Workspace-Scoped File Searches

When the user asks to "list files in your workspace" or "show me files in the workspace," scope file searches to the configured workspace path, NOT the session cwd or home root.

  • The session cwd may be ~ or /home/n8n — searching from there walks every workspace subdirectory and returns files from profiles the user didn't ask about.
  • Determine the active workspace from the profile config: grep '^workspace:' ~/.hermes/profiles/<active>/config.yaml. The value is a container-style path like /workspace/general — map it to the host path /home/n8n/workspace/general.
  • Pass that host path as the path parameter to search_files (or equivalent). This returns only files in the intended workspace.
  • If unsure which profile is active, ask or check ~/.hermes/profiles/ — don't default to the home root.

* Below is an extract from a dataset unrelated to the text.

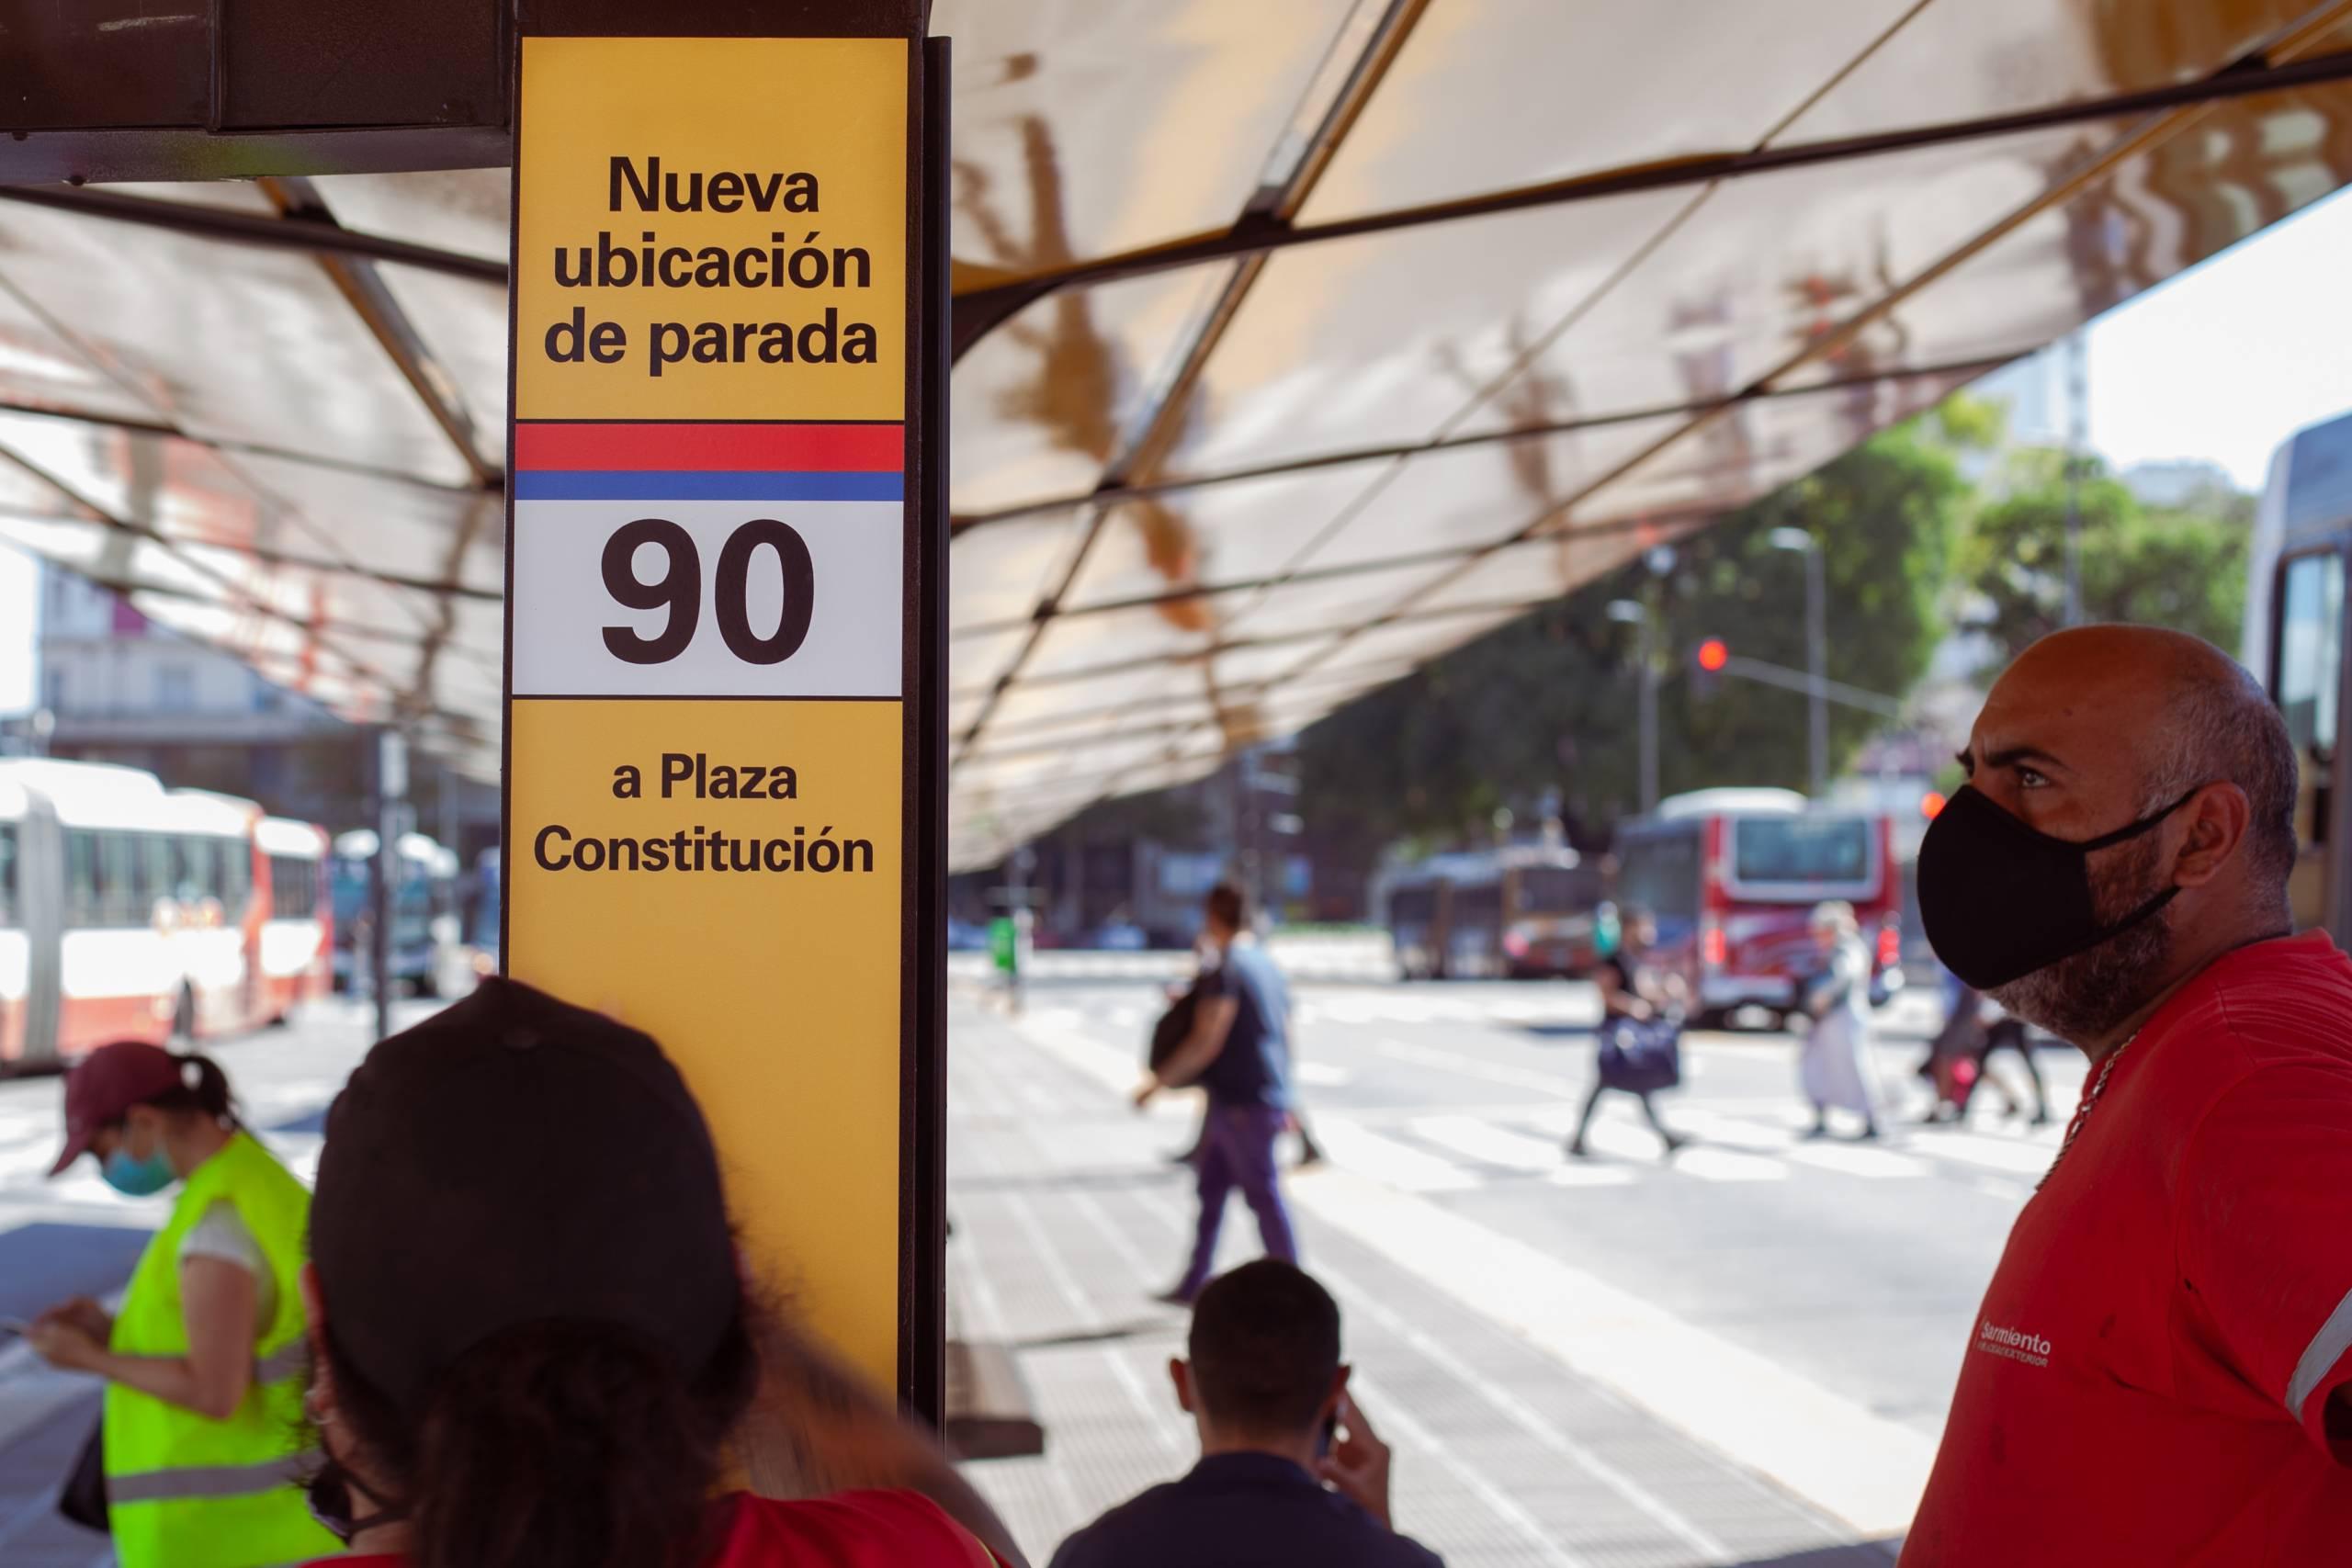 constitucion-redistribucion-de-paradas-Linea-90-1-1

This is a common mistake when the session cwd and the configured workspace path differ. The workspace path is the authoritative scope for "in your workspace" requests.

  • save-agents-md — write/update workspace AGENTS.md on /save requests, scan for contradictions
  • external-reasoning-augmentation — for augmenting builds with relayed model reasoning

Session References

  • references/session-memory-migration-2026-05-17.md — Full worked example of memory compaction across 7 workspaces with before/after metrics and pitfall documentation.